The term “litter box” means any apparatus that can hold pet litter, for example a container with a bottom wall and one or more side walls, and/or any apparatus configured for litter to be positioned thereon, for example a mat or a grate. As a non-limiting example, a litter box may be a rectangular box having side walls that have a height of at least about six inches.
The term “mesh” is defined by the ASTM E-11 U.S.A. standard specification for sieves. As used herein, “size” of a particle refers to the length of the longest dimension of the particle.
The methods and devices and other advances disclosed herein are not limited to particular methodologies, protocols, and reagents because, as the skilled artisan will appreciate, they may vary. Further, the terminology used herein is for the purpose of describing particular embodiments only and does not limit the scope of that which is disclosed or claimed.
Unless defined otherwise, all technical and scientific terms, terms of art, and acronyms used herein have the meanings commonly understood by one of ordinary skill in the art in the field(s) of the present disclosure or in the field(s) where the term is used. Although any compositions, methods, articles of manufacture, or other means or materials similar or equivalent to those described herein can be used, the preferred devices, methods, articles of manufacture, or other means or materials are described herein.
An aspect of the present disclosure is a method of making a clumping pet litter. Another aspect of the present disclosure is a method of preventing or mitigating discoloration of a clumping pet litter. The methods can comprise coating clay particles with bentonite; and adding a chelating agent to the clay particles before the coating thereof with the bentonite and/or adding a chelating agent to the bentonite before the coating of the clay particles with the bentonite. Preferably, before the coating of the clay particles with the bentonite, the clay particles are subjected to sizing using a sieve to obtain a subset of particles that have a desired size, for example about −10 mesh to about +50 mesh.
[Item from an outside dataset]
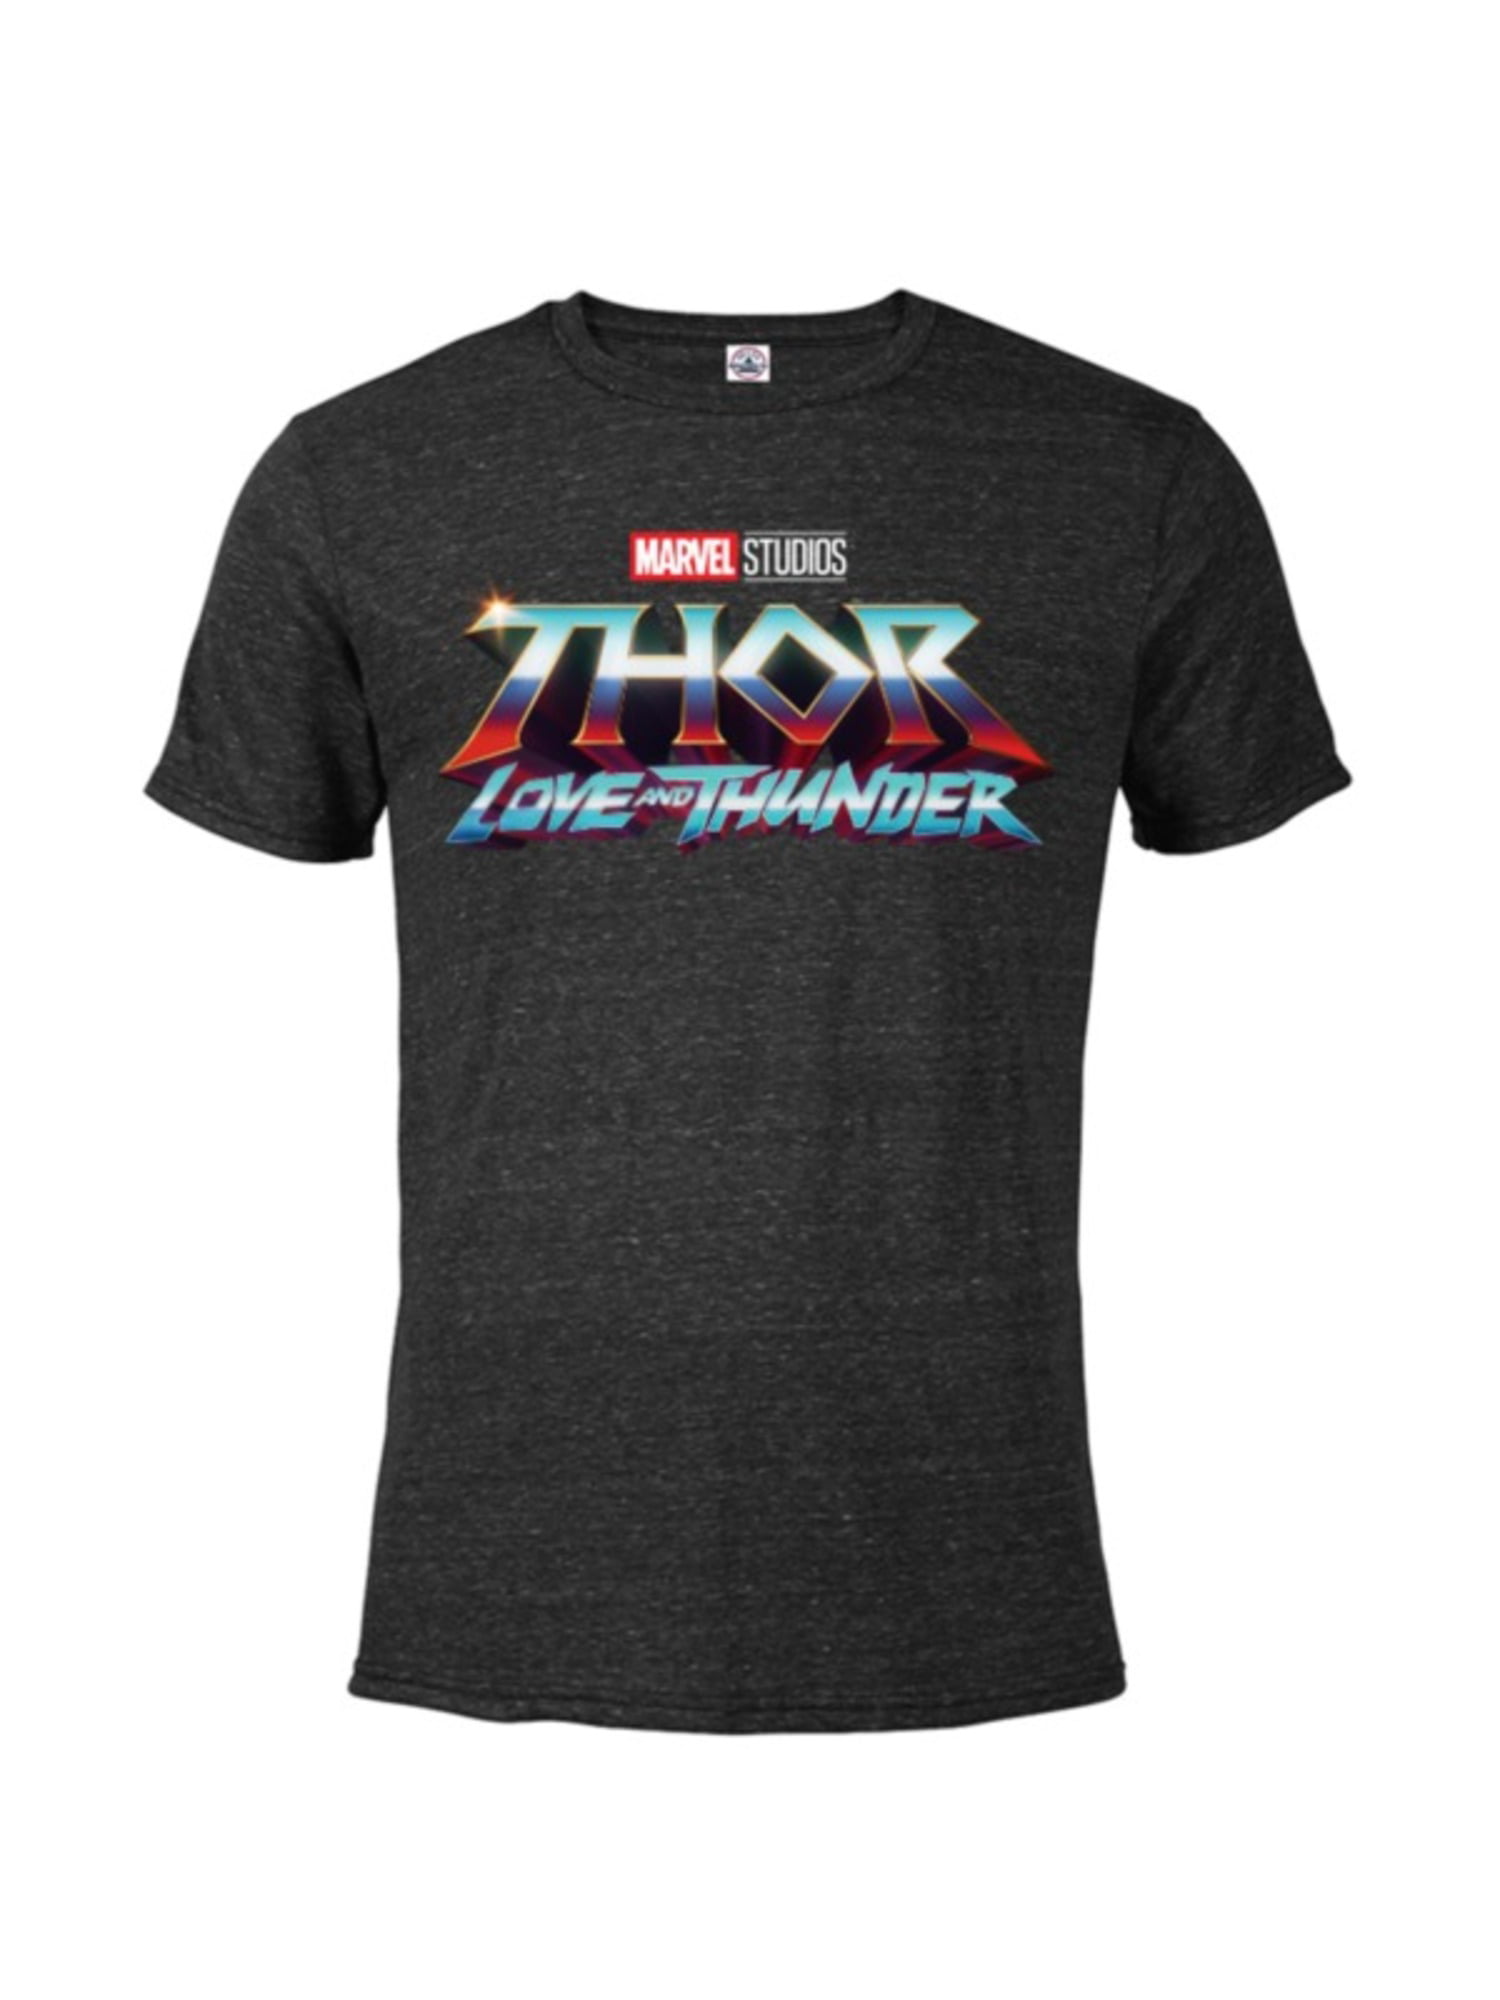 New Days Of Thunder Movie 1 New T shirt S-5XL

The chelating agent can be added to the clay particles in a composition that is a solution or a dry powder. Alternatively or additionally, the chelating agent can be added to the bentonite before the coating of the clay particles with the bentonite. For example, in various embodiments the entirety of the chelating agent can be added to the clay particles before the coating thereof with the bentonite; the entirety of the chelating agent can be added to the bentonite before the coating of the clay particles with the bentonite; or a portion of the chelating agent can be added to the clay particles before the coating thereof with the bentonite, and the remaining portion of the chelating agent can be added to the bentonite before the coating of the clay particles with the bentonite. If the chelating agent is applied in a solution and the desired amount of the chelating agent exceeds the dissolution limit of the chelating agent, the portion of the chelating agent in excess of the dissolvable amount can be added to the clay particles as a fine powder, and then the dissolvable portion of the chelating agent can be spread onto the clay particles as a solution (e.g., a solution containing both the bentonite and the dissolvable portion of the chelating agent).
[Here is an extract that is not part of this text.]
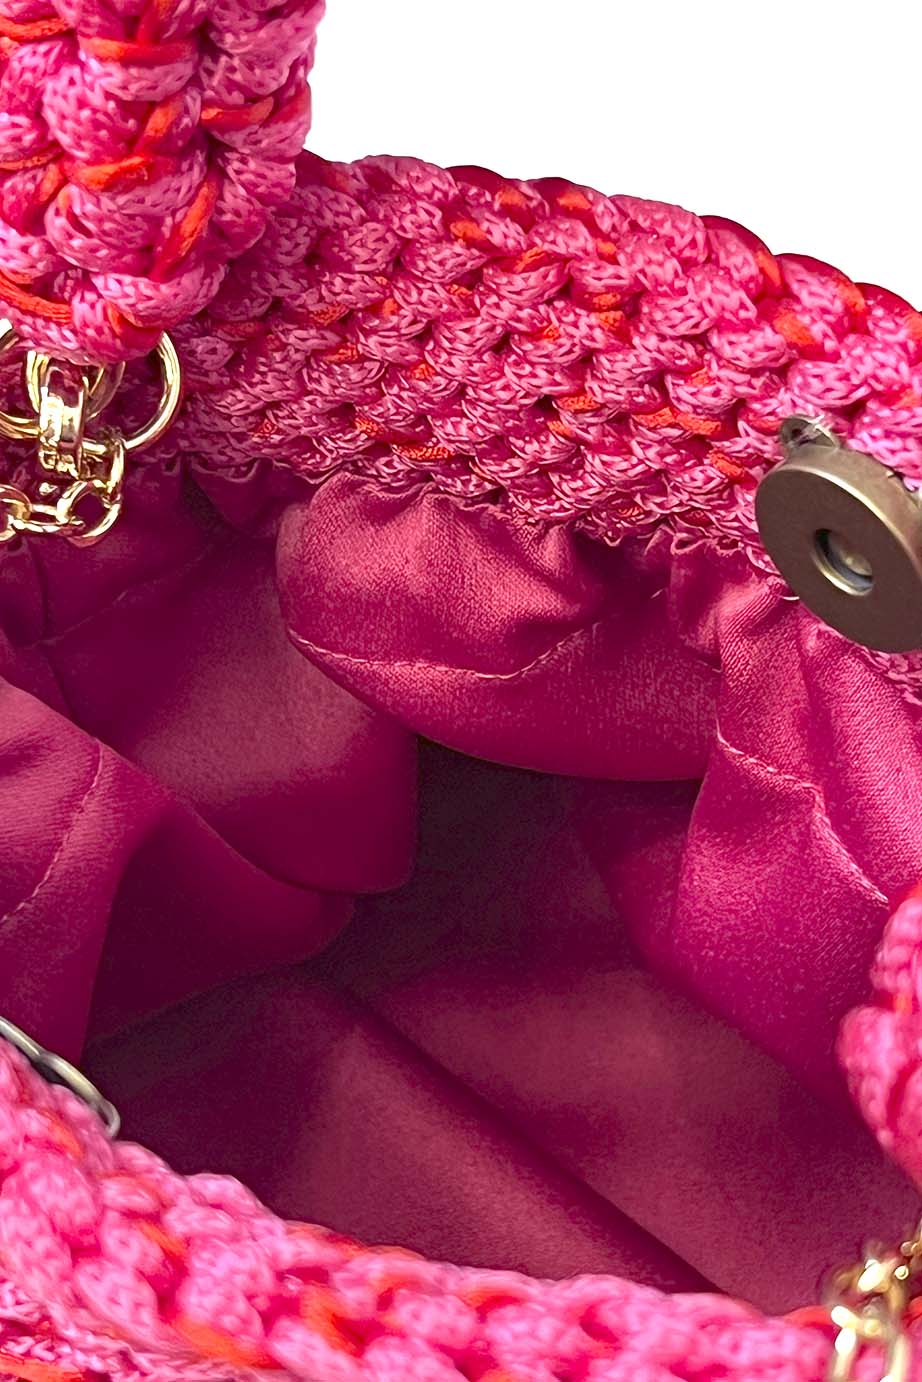 Bolsa Clutch Crochê 2 Alças Pink/Vermelha

Preferably the chelating agent is uniformly applied to the particles. In this regard, the resultant particles should have an approximately consistent concentration of the chelating agent throughout the surface of the particles. For example, if the chelating agent is mixed with the bentonite before the coating of the clay particles, the composition comprising the bentonite and the chelating agent should be homogeneous before the clay particles are coated with it. To ensure uniform application of the chelating agent, some embodiments of the methods disclosed herein include grinding granules of the chelating agent into fine powders before adding the chelating agent to the clay particles and/or the bentonite.
Non-limiting examples of suitable clays include non-swelling clays, swelling clays, and combinations thereof. The clays can be obtained directly by mining natural clay deposits, can be synthetic clays, and/or can be clays that are derived from the agglomeration of clay particles, e.g., clay particles produced by litter or other manufacturing processes that involve the use of clays. The clay particles preferably contain about 20 wt. % to about 40 wt. % water, such as about 30 wt. % water.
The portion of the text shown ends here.